Shane moved to the sofa, put the open suitcase on his lap, and began counting out stacks of banded cash. Each packet had fifty twenty-dollar bills in it. Shane counted out thirty stacks, snapped the suitcase shut, then walked up and handed the money to Vern Lathrope, who couldn’t get his right eyebrow down from the middle of his forehead.
“I usually have a brown paper bag for transactions like this,” Shane said as he shoved the cash over.
Shane and Alexa sat and waited on the expensive calf-leather couches, now clients of Million-Air Charters. Shane made two calls to Sandy, but she didn’t pick up and her answering machine was off.
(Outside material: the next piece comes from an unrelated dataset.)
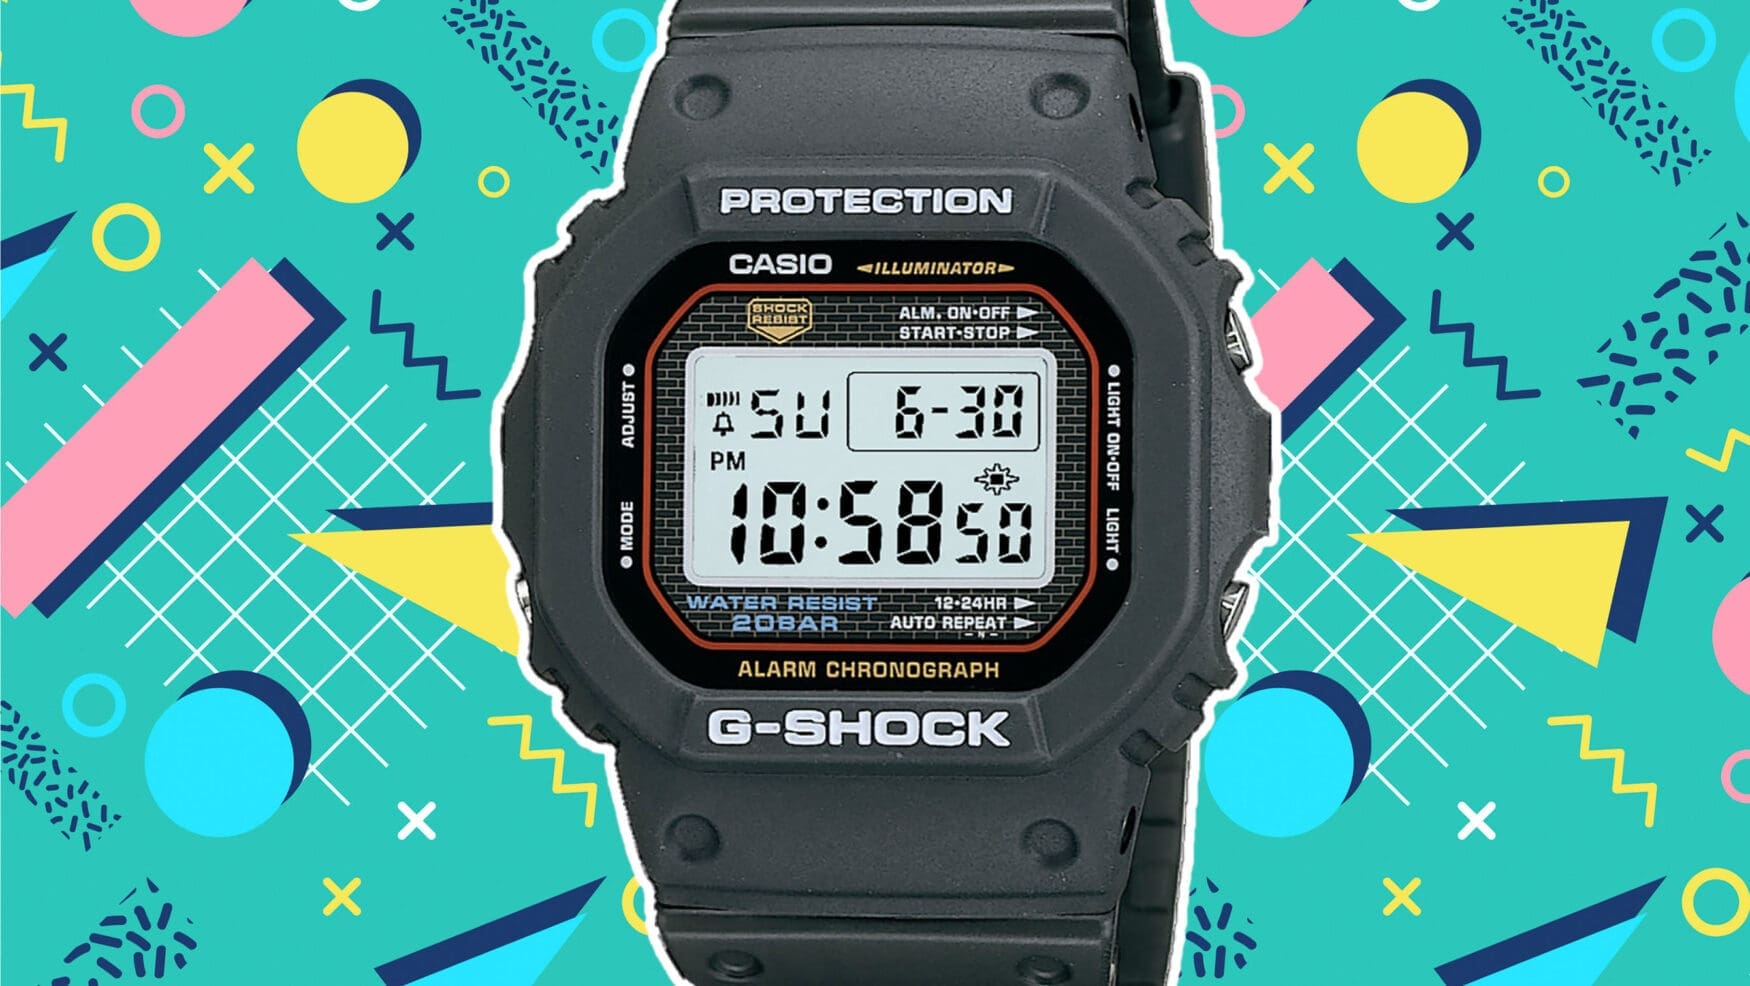 Timewarp treasures – 8 totally tubular watches from the 1980s

Half an hour later two young pilots in uniforms led Shane and Alexa to the Gulfstream 3 that Shane now realized was the biggest plane sitting on the flight line.
“Vern didn’t like taking used cash, but he sure didn’t mind renting us the most expensive piece of iron he had,” Shane groused.
They stepped on a small rectangular red carpet before climbing the ladder and entering the jet. Then the copilot quickly rolled it up and stuffed it in a luggage compartment, with a “so much for that” smile on his face. He climbed up the stairs and pulled the door up after him. A few minutes later the Gulfstream jet, with Shane and Alexa and nine empty seats, was out on the end of the Long Beach runway, waiting for the tower to green-light the takeoff.
Shane found a beer in the refrigerator and brought one back to Alexa, who had kicked off her shoes and was reclining in the seat.
The plush interior was heavily scented with the smell of English leather. Rich, polished burlwood glistened in the Trivoli lighting. There were Baccarat crystal glasses in slots over a full bar.
“Okay, Shane and Alexa,” Bob, their friendly pilot, said. “We’re cleared for takeoff, so we’re gonna do our thing now. Anything we can get you along the way, we’re on channel three on the intercom.”
“Thank you,” Shane said to the empty cabin.